Talukder’s stay of removal had been denied, and with few remaining legal options, he was instructed to report to 26 Federal Plaza in downtown Manhattan on November 20 with his passport and a one-way ticket to Bangladesh.

Instead, after a month-long campaign that mobilized support from family, friends and strangers across New York City, Riaz walked back out of the ICE offices last week, reunited with his family and with a chance to reopen his case in the courts.

While the Talukder family is not yet out of the woods, they have been given the time and space to continue to fight to keep their family together.

And the rest of us have been given a timely reminder that — even under the Trump administration — when we fight, we can sometimes win.

The wide support that the Talukders got, and the way that support snowballed as his final check-in approached, shows the potential that exists when activists are able to put real faces on the lives being destroyed by the deportation machine, while building public opposition to their removals.

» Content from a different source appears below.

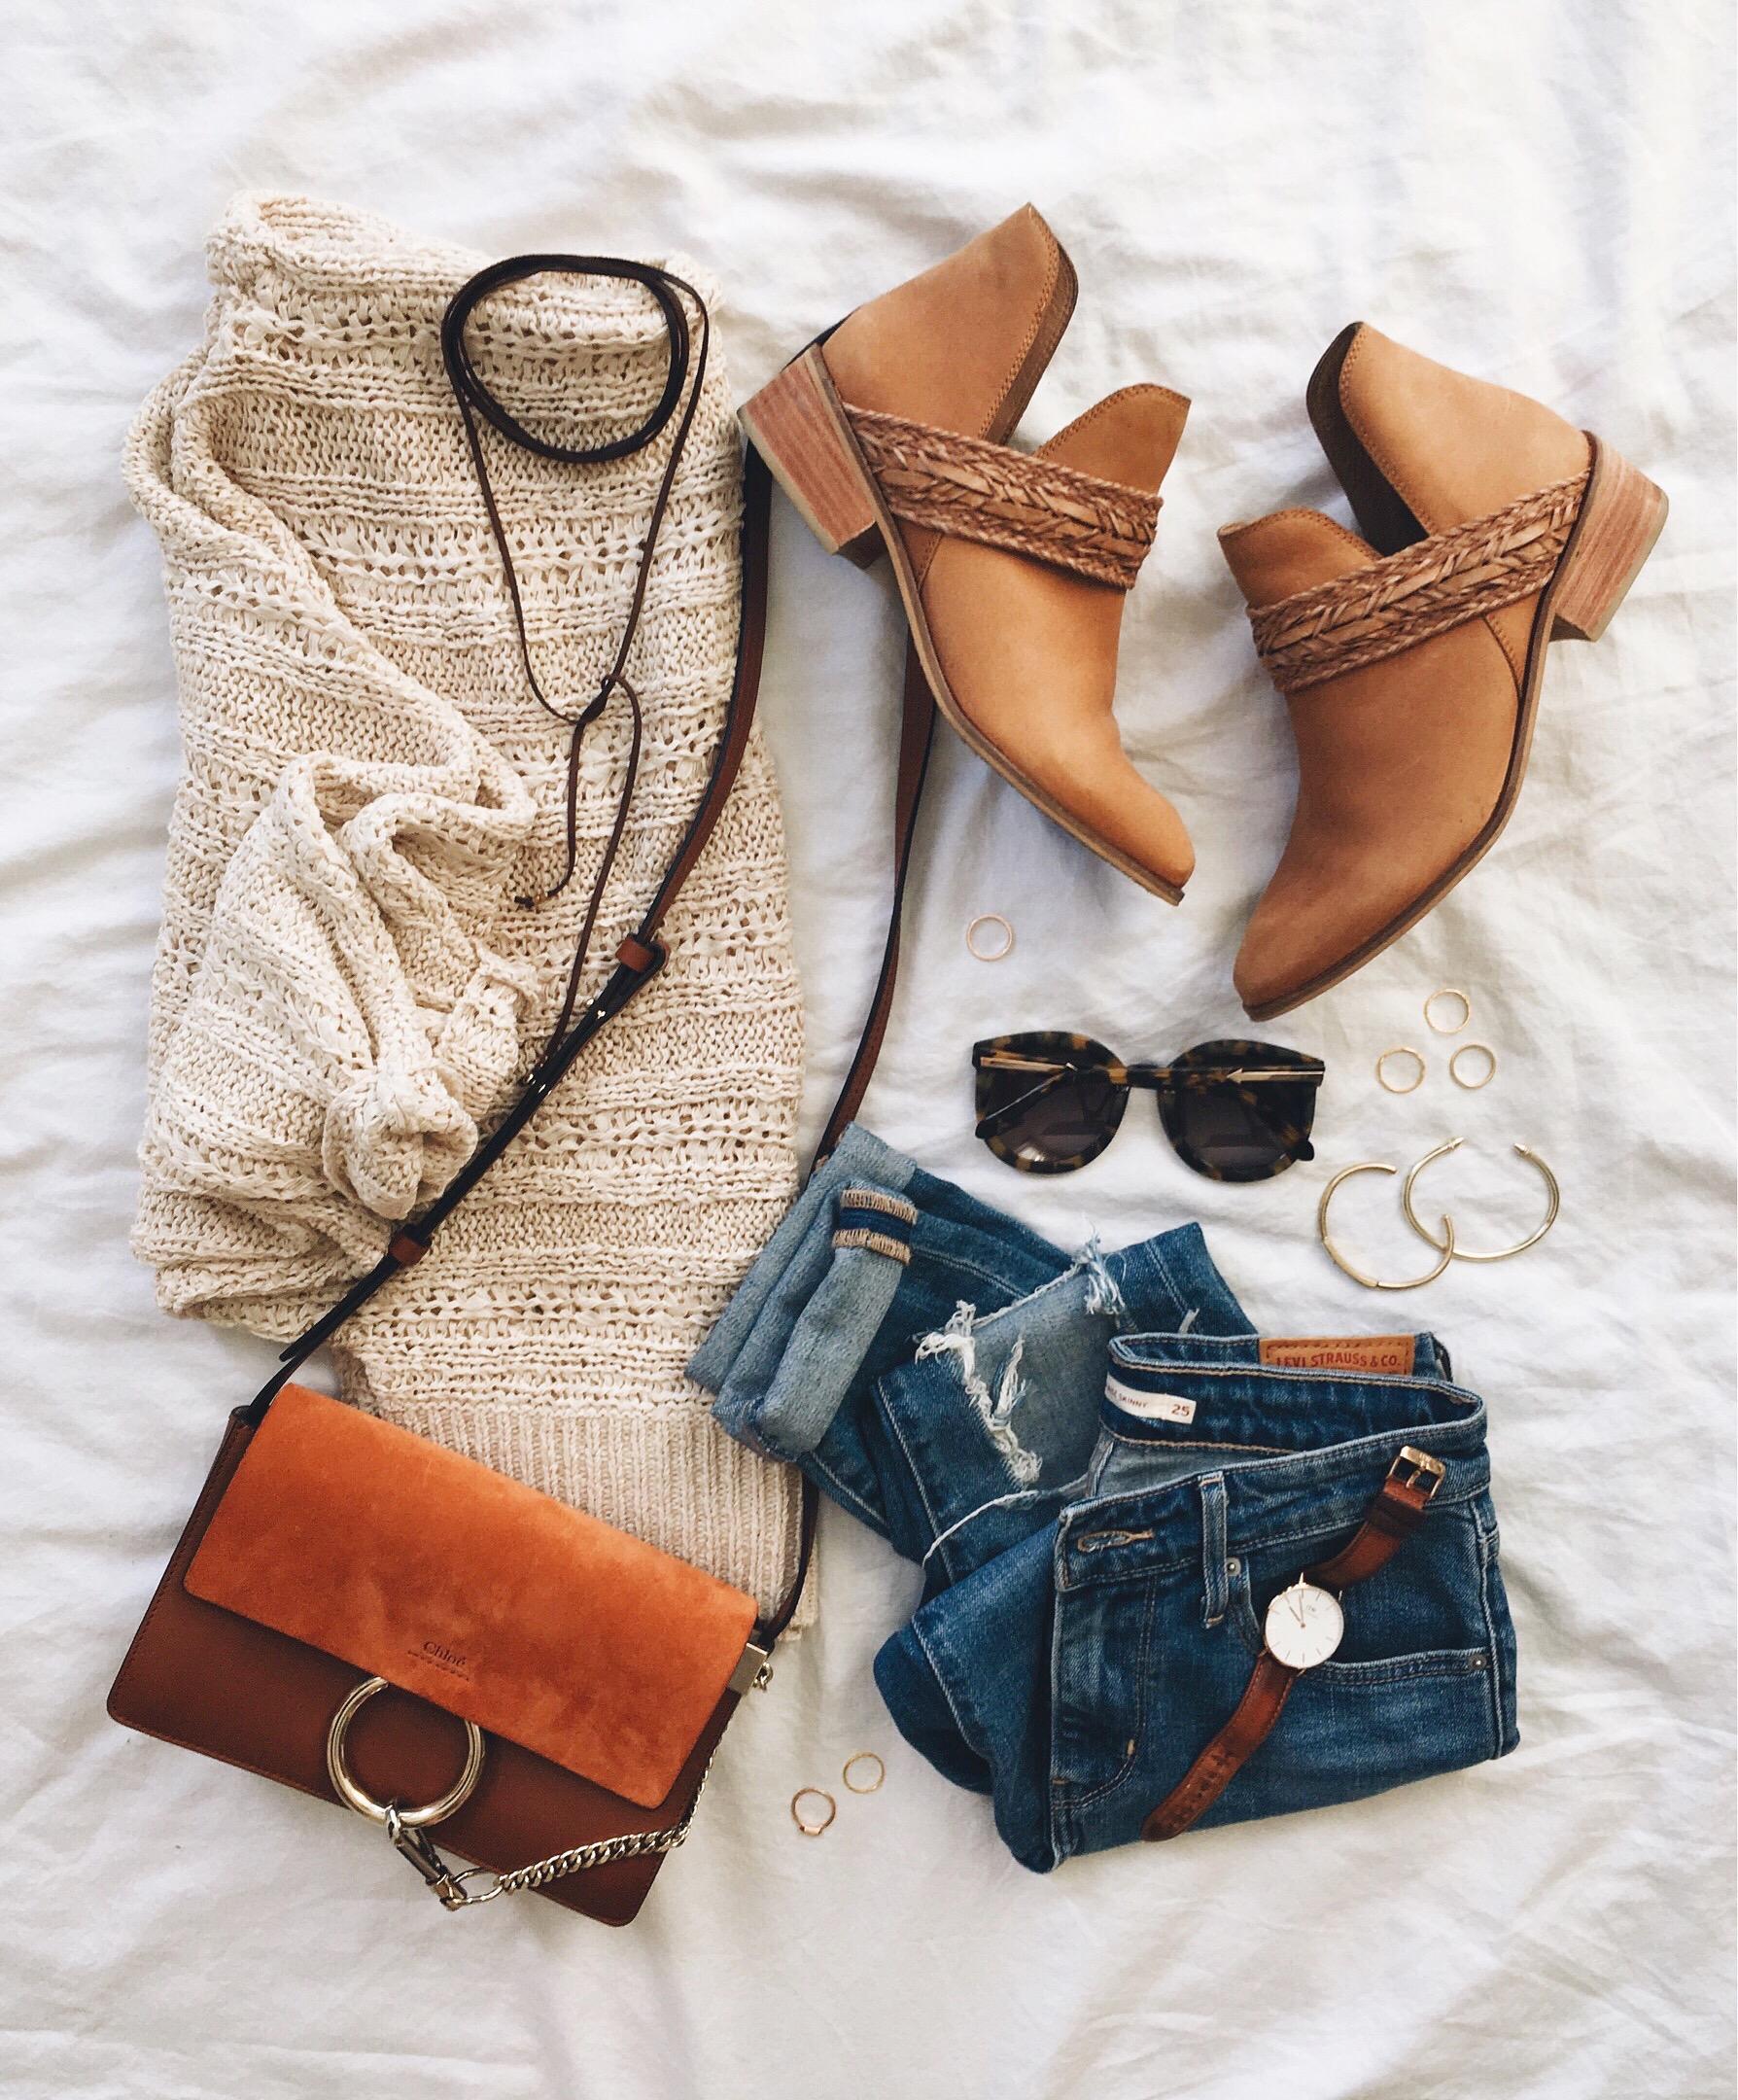 livvyland-blog-olivia-watson-cozy-boho-outfit-oversize-slouchy-sweater-chloe-faye

Not all immigrants facing deportation have the option to be public in the same way — which means so much of the war against immigrant communities takes place in the shadows, where ICE prefers to operate.

That’s why it’s all the more important that activists organize when people are able to stand up and publicly fight in order to bring the full dimension of this human catastrophe into the light — and shine a spotlight on the whole malignant system.

Speaking to at a press conference after Riaz’s release, Fahd Ahmed from DRUM (Desis Rising Up and Moving) summarized all the factors that came together to win this case:

To have the media here to be watching something of this magnitude happen. To…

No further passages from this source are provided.